According to him, the FCTA reneged on the initial agreement of prompt payment for all contractors after two weeks.

He, however, explained that the Administration had paid some contractors, especially those who agreed to receive partial payment, at the expense of other contractors.

Ewoma said, “Today is the 16th of October 2022, it became imperative to hold a peaceful protest in FCTA to demand immediate full payment of our monies owed for the supply of various medical equipment/items at the advent of COVID-19.

“You would recall that the sometime last year 2021, we had a similar peaceful protest with the same demand, which resulted in partial payment of our monies 80 per cent.

“As it stands today, some of our contractors have not received a dime as payment since 2020, lots are owed 20 per cent of the balance of the contract sum.

“By March 2023, it will be three years the FCTA is owing us our money. Considering the politics going on presently, we do not want to be tied to nonpayment because of the electioneering period.

“Consequently, we are appealing to the government to pay us the money, because a lot of people are in debt and our staff has not been paid salaries for months.

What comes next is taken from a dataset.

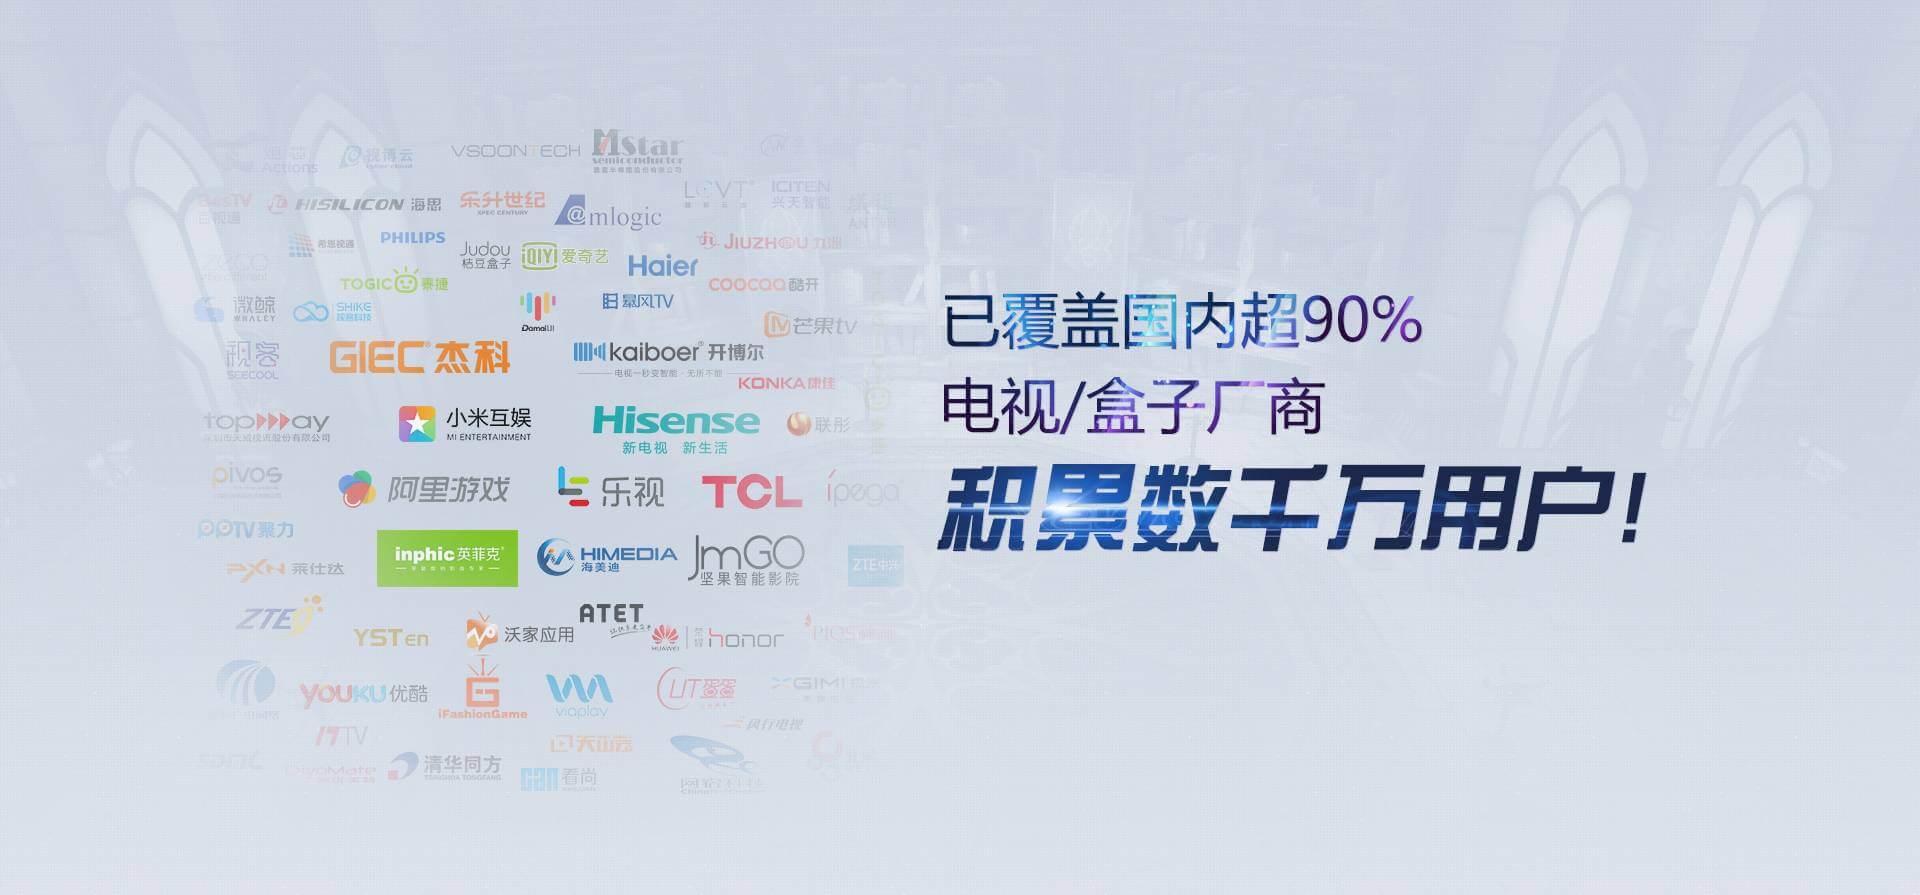 已覆盖国内超90%电视/盒子厂商,积累数千万用户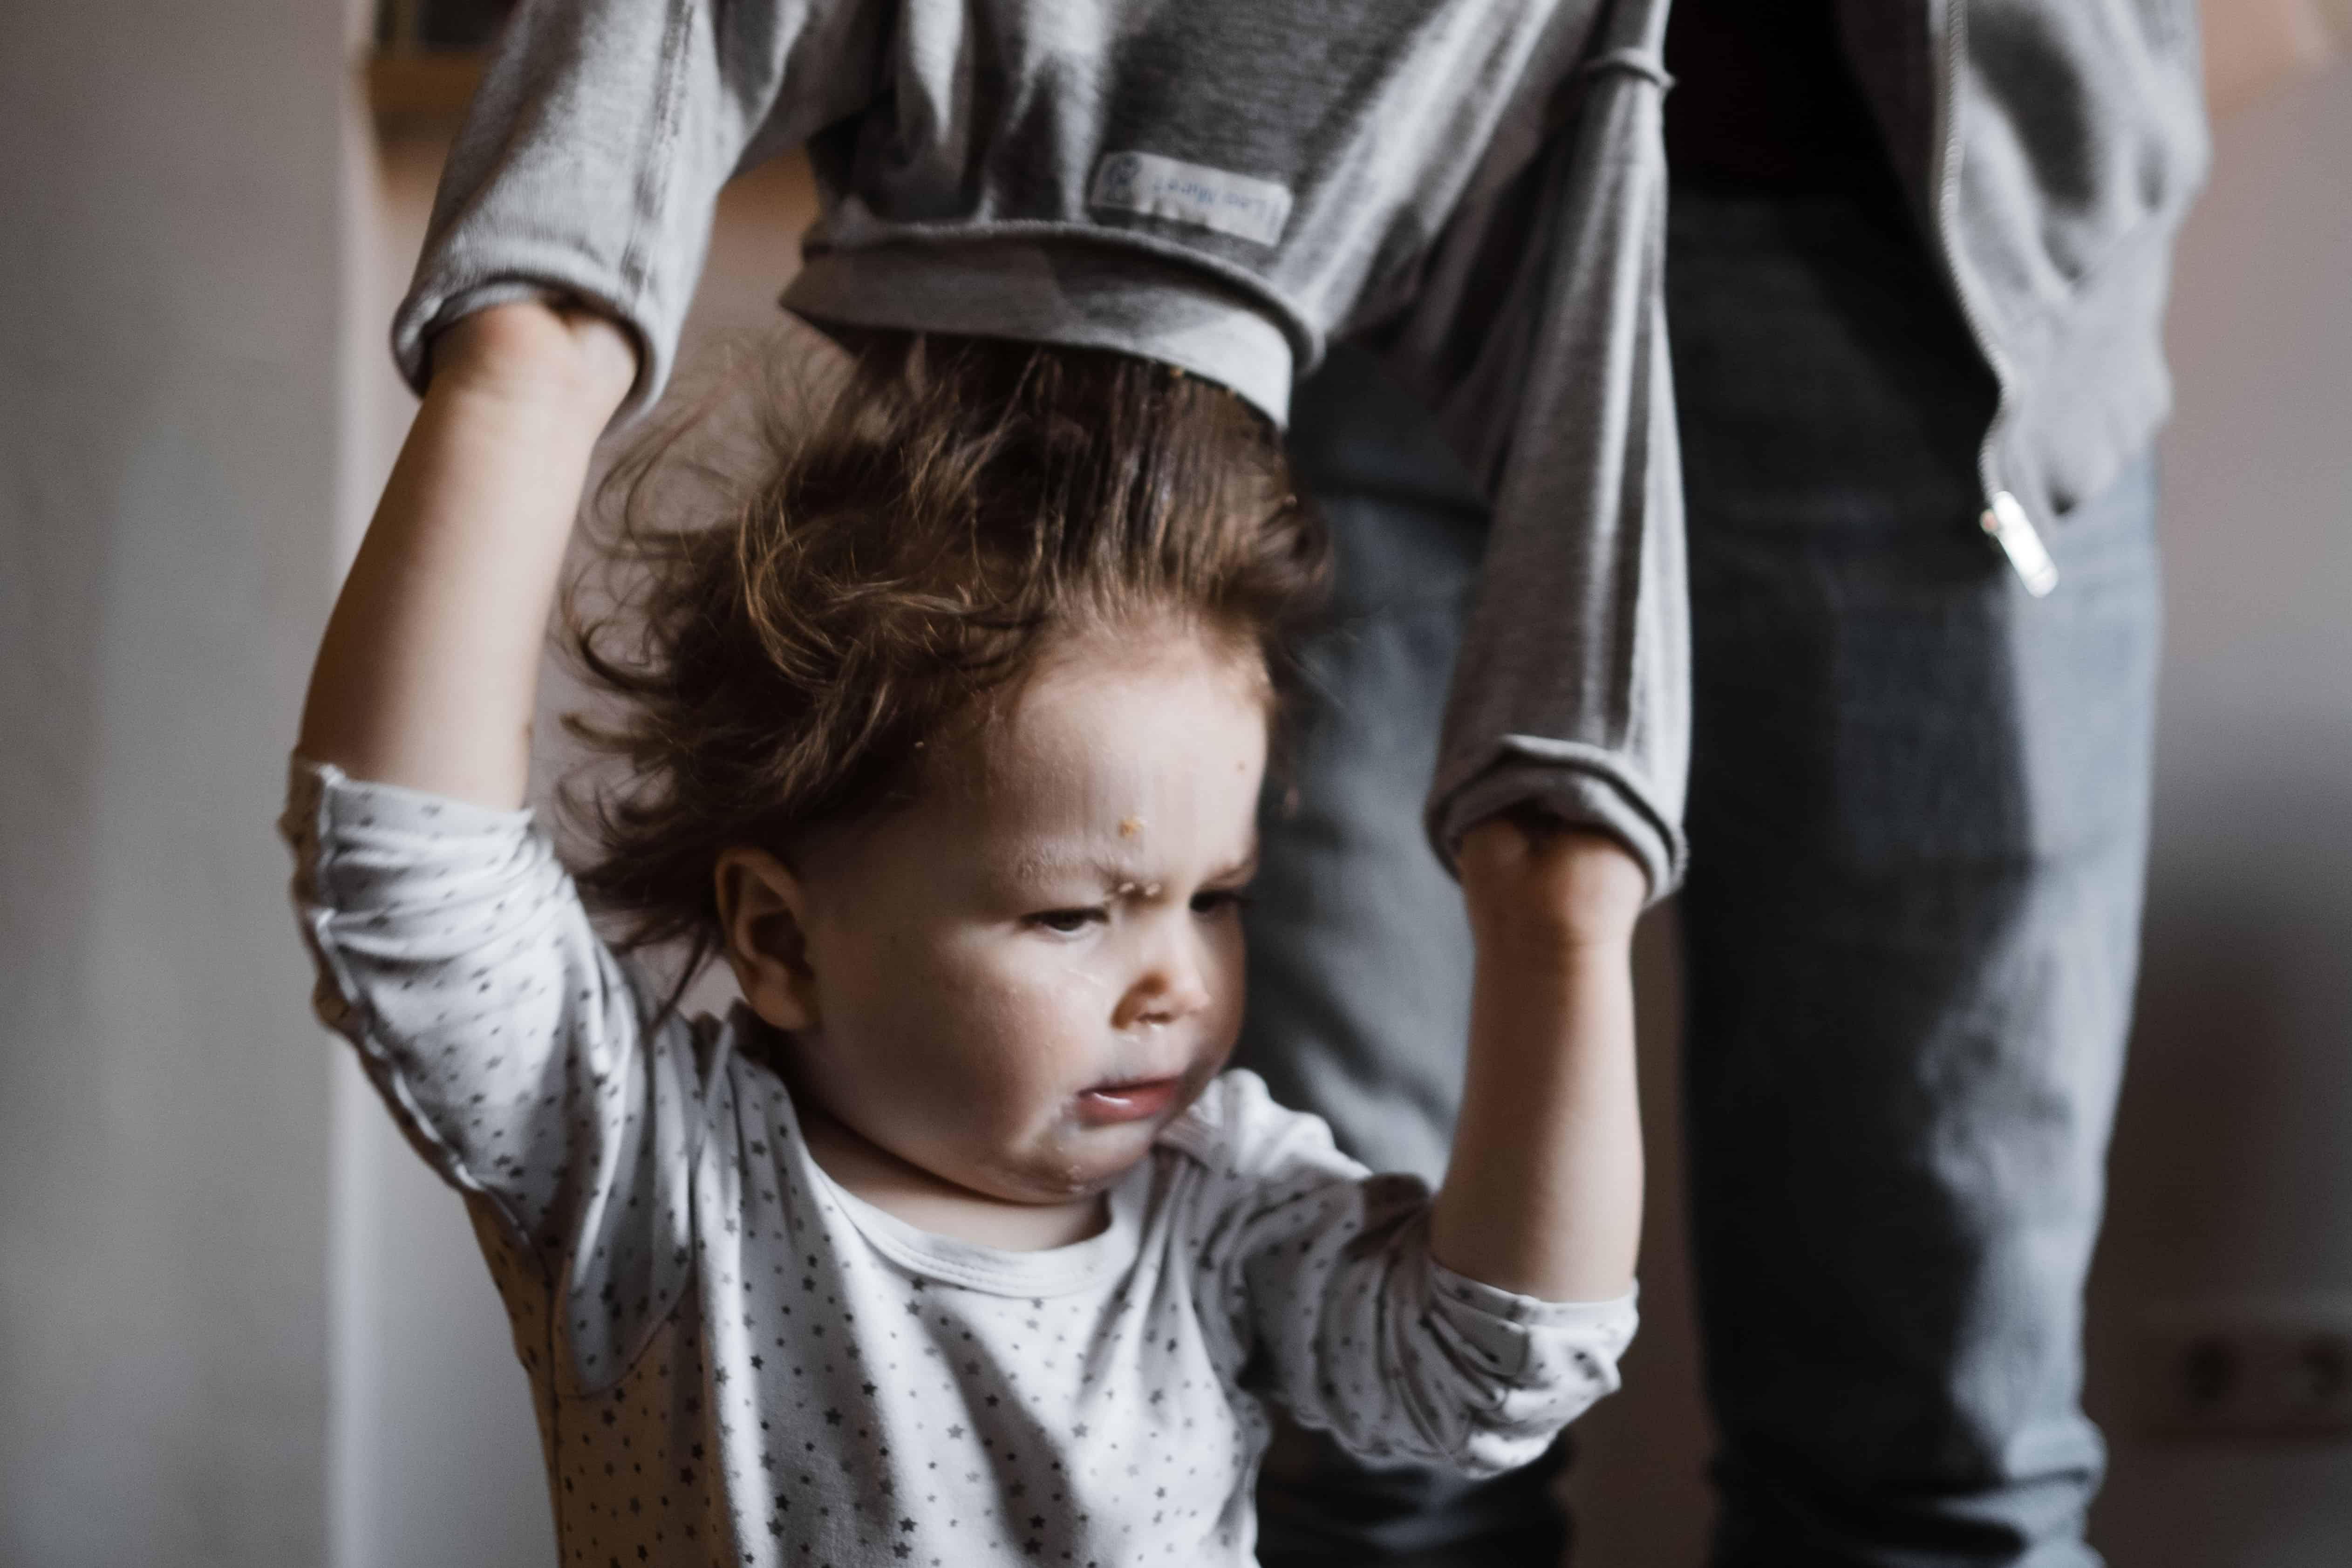 einem Kleinkind wird der dreckige Pullover über den Kopf gezogen, das Kind hebt die Arme dabei, man sieht das Gesicht des Kindes, es schaut nicht begeistert, hinter dem Kind steht der Vater, der dem Kind den Pullover auszieht

“Premised on the above facts, we demand full payment of all the monies currently being owed to us by FCTA within the next five working days.”

One of the workers, identified simply as Moses, said his children are on the verge of having their education truncated because he was unable to pay their school fees, adding that the government needed to know what he and his colleagues were going through.

He stated, “I have received a demand notice to pay up my children’s school fees or risk having them sent home from the boarding school because I could not afford to pay their tuition fees. No federal civil servant is being owed a month’s salary, but they choose to allow us to go hungry for almost three years. We will no longer  keep mum, enough is enough because a closed mouth is a closed destiny.”

Meanwhile, an official in the FCTA Directorate of Reform Coordination and Service Improvement, who spoke under anonymity, because he was not authorized to address journalists on the matter, said: “The only reason for the delay in the payment has to do with the failure of the contractors to meet the administrative requirements stipulated by the office of the FCT Permanent Secretary.”